On Fri, 6 May 2016 07:44:32 -0400, timeless wrote:
> We already have a Popen4, and generally pass environment objects.

Yeah, if it works with bytes environ, we don't have to mix unicodes and bytes,
which is horrible without strict type checking.
Gregory Szorc - May 8, 2016, 7:01 p.m.
I haven't been following this thread too closely. But in case it helps, the
"latin1" encoding can be used to convert between str/unicode without data
loss. I've used it to e.g. decode random byte sequences to unicode types to
appease APIs insisting on being passed unicode instances. It's definitely a
very hacky approach. And obviously it really only works if you start with
str/bytes up front: if something has already assumed an encoding, you are
out of luck :/

On Thu, May 5, 2016 at 5:48 AM, timeless <timeless@gmail.com> wrote:

> It's possible. I really don't want to do it.
> This whole thing is a mess. If someone else wants to do that and save
> me from another 24 hours of encoding hell, i'd be appreciative.
>
> This is probably the fourth or fifth night I've lost trying to fight
> encodings.
>
> On Thu, May 5, 2016 at 8:17 AM, Pierre-Yves David
> <pierre-yves.david@ens-lyon.org> wrote:
> >
> >
> > On 05/05/2016 01:09 PM, timeless wrote:
> >>
> >> I just spent some time investigating this.
> >>
> >> The answer is: NO. WE SHOULD NOT USE environb.
> >>
> >> That's an awful red herring.
> >>
> >> os.environb
> >>
> >> Bytes version of environ: a mapping object representing the
> >> environment as byte strings. environ and environb are synchronized
> >> (modify environb updates environ, and vice versa).
> >>
> >> environb is only available if supports_bytes_environ is True.
> >>
> >> New in version 3.2.
> >>
> >> https://docs.python.org/3/library/os.html#os.environb
> >>
> >> os.supports_bytes_environ
> >>
> >> True if the native OS type of the environment is bytes (eg.

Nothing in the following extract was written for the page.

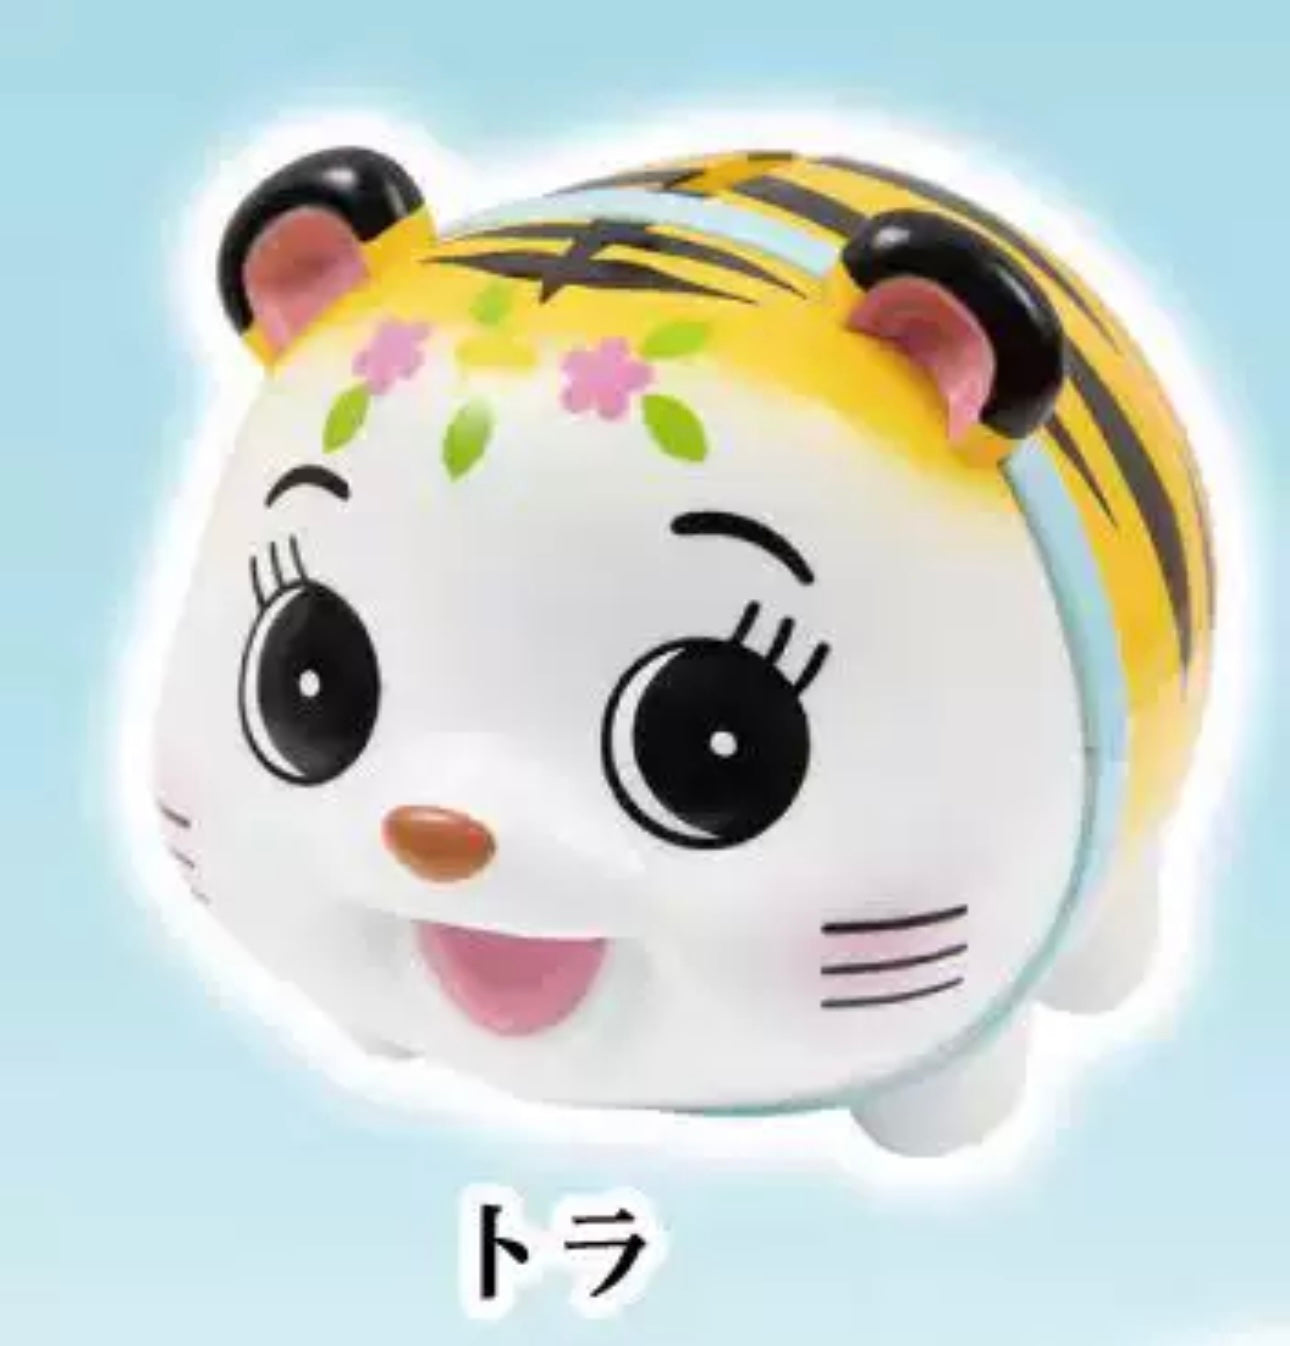 Japan Qualia Gacha Pig Piggy Bank and Its Friends Part 3 | Blue Pig Tiger Mouse Tanuki Sloth - Showa Retro Vintge Style Mini Coin Bank

False on
> >> Windows).
> >>
> >> New in version 3.2.
> >>
> >> https://docs.python.org/3/library/os.html#os.supports_bytes_environ
> >>
> >> Trying to use environb would break python3 on windows because we'd
> >> have an os.environ object instead of an os.environb object, and we'd
> >> be trying to stash bytes into it.
> >>
> >> I'm going to reassert that what I'm doing is correct. And I'd like to
> >> get a version of it in so that I can unclutter my repository. I have a
> >> whole slew of things that are blocked by this. Especially test.env
> >> work.
> >>
> >> I will send a patch to *REMOVE* all use of environb and an item for
> >> check code to reject it.
> >
> >
> > Could we have a version that use environb implementing a thin layer in
> the
> > window case to provide an environb like object in this case?
> >
> > --
> > Pierre-Yves David
> _______________________________________________
> Mercurial-devel mailing list
> Mercurial-devel@mercurial-scm.org
> https://www.mercurial-scm.org/mailman/listinfo/mercurial-devel
>

Patch

diff --git a/tests/run-tests.py b/tests/run-tests.py
--- a/tests/run-tests.py
+++ b/tests/run-tests.py
@@ -804,14 +804,16 @@ 
             offset = '' if i == 0 else '%s' % i
             env["HGPORT%s" % offset] = '%s' % (self._startport + i)
         env = os.environ.copy()
-        env['TESTTMP'] = self._testtmp
-        env['HOME'] = self._testtmp
+        testtmp = self._testtmp.decode('utf-8')
+        threadtmp = self._threadtmp.decode('utf-8')
+        env['TESTTMP'] = testtmp
+        env['HOME'] = testtmp
         # This number should match portneeded in _getport
         for port in xrange(3):
             # This list should be parallel to _portmap in _getreplacements
             defineport(port)
-        env["HGRCPATH"] = os.path.join(self._threadtmp, b'.hgrc')
-        env["DAEMON_PIDS"] = os.path.join(self._threadtmp, b'daemon.pids')
+        env["HGRCPATH"] = os.path.join(threadtmp, '.hgrc')
+        env["DAEMON_PIDS"] = os.path.join(threadtmp, 'daemon.pids')
         env["HGEDITOR"] = ('"' + sys.executable + '"'
                            + ' -c "import sys; sys.exit(0)"')
         env["HGMERGE"] = "internal:merge"